DistriNet · GJFR · Mar 27, 2025 · Mar 18, 2025 · Mar 27, 2025
diff --git a/bci/browser/binary/binary.py b/bci/browser/binary/binary.py
@@ -102,8 +102,21 @@ def is_available_locally(self):
     def is_available_online(self):
         return self.state.has_online_binary()
 
-    @abstractmethod
     def download_binary(self):
+        if self.is_available_locally():
+            logger.debug(f'Binary for {self.state} was already downloaded ({self.get_bin_path()})')
+        else:
+            binary_urls = self.state.get_online_binary_urls()
+            binary_dst_folder = os.path.dirname(self.get_potential_bin_path())
+            util.download_and_extract(binary_urls, binary_dst_folder)
+        self.configure_binary()
+
+    @abstractmethod
+    def configure_binary(self):
+        """
+        Configures the browser binary.
+        This method is idempotent.
+        """
         pass
 
     def is_built(self):

diff --git a/bci/browser/binary/vendors/chromium.py b/bci/browser/binary/vendors/chromium.py
@@ -1,14 +1,11 @@
 import logging
 import os
 import re
-import shutil
-import zipfile
-
-import requests
 
 from bci import cli, util
 from bci.browser.binary.artisanal_manager import ArtisanalBuildManager
 from bci.browser.binary.binary import Binary
+from bci.database.mongo.binary_cache import BinaryCache
 from bci.version_control.states.state import State
 
 logger = logging.getLogger(__name__)
@@ -19,7 +16,6 @@
 
 
 class ChromiumBinary(Binary):
-
     def __init__(self, state: State):
         super().__init__(state)
 
@@ -38,41 +34,12 @@ def browser_name(self) -> str:
     def bin_folder_path(self) -> str:
         return BIN_FOLDER_PATH
 
-    # def get_full_version(self, version: int):
-        # if re.match(r'[0-9]+\.[0-9]+\.[0-9]+', version):
-        #     return version + ".0"
-        # if re.match(r'[0-9]+', version):
-        #     return self.repo.get_release_tag(version)
-        # if re.match(r'[0-9]{2}', version):
-        #     return self.full_versions[version] + ".0"
-        # raise AttributeError("Could not convert version '%i' to full version" % version)
-        # return self.repo.get_release_tag(version)
-
     # Downloadable binaries
 
-    def download_binary(self):
-        if self.is_available_locally():
-            logger.debug(f'Binary for {self.state} was already downloaded ({self.get_bin_path()})')
-            return
-        binary_url = self.state.get_online_binary_url()

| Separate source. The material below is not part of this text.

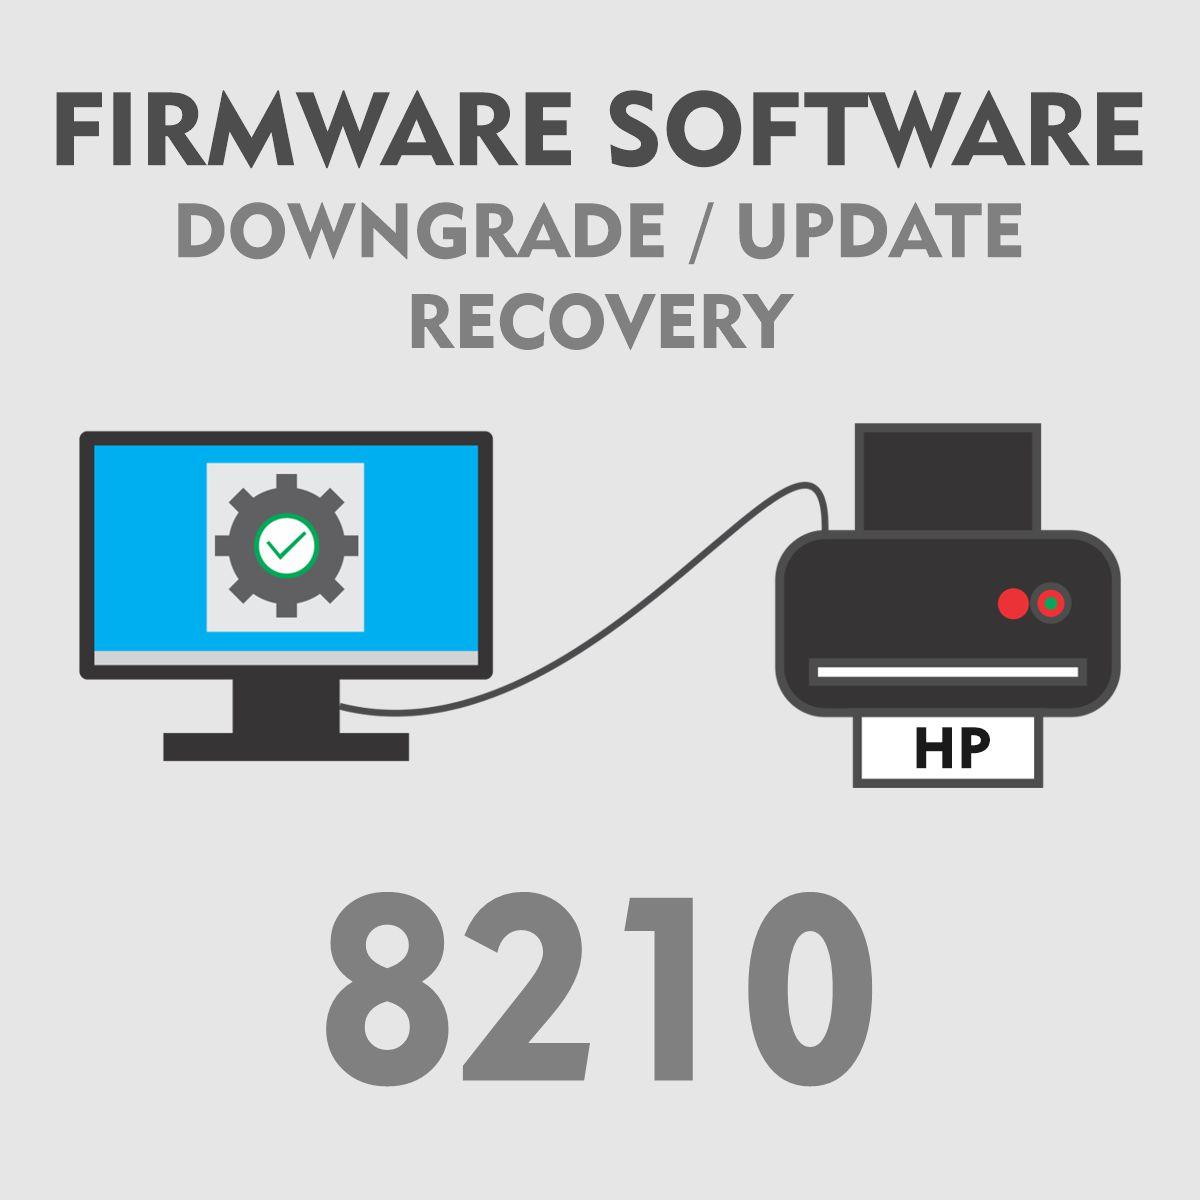 HP 8210 | Software Firmware para Downgrade Update Recovery

-        logger.info(f'Downloading binary for {self.state} from \'{binary_url}\'')
-        zip_file_path = f'/tmp/{self.state.name}/archive.zip'
-        if os.path.exists(os.path.dirname(zip_file_path)):
-            shutil.rmtree(os.path.dirname(zip_file_path))
-        os.makedirs(os.path.dirname(zip_file_path))
-        with requests.get(binary_url, stream=True) as req:
-            with open(zip_file_path, 'wb') as file:
-                shutil.copyfileobj(req.raw, file)
-        with zipfile.ZipFile(zip_file_path, 'r') as zip_ref:
-            zip_ref.extractall(os.path.dirname(zip_file_path))
-        bin_path = self.get_potential_bin_path()
-        os.makedirs(os.path.dirname(bin_path), exist_ok=True)
-        unzipped_folder_path = os.path.join(os.path.dirname(zip_file_path), "chrome-linux")
-        self.__remove_unnecessary_files(unzipped_folder_path)
-        util.safe_move_dir(unzipped_folder_path, os.path.dirname(bin_path))
-        cli.execute_and_return_status("chmod -R a+x %s" % os.path.dirname(bin_path))
-        # Remove temporary files in /tmp/COMMIT_POS
-        shutil.rmtree(os.path.dirname(zip_file_path))
+    def configure_binary(self):
+        binary_folder = os.path.dirname(self.get_potential_bin_path())
+        self.__remove_unnecessary_files(binary_folder)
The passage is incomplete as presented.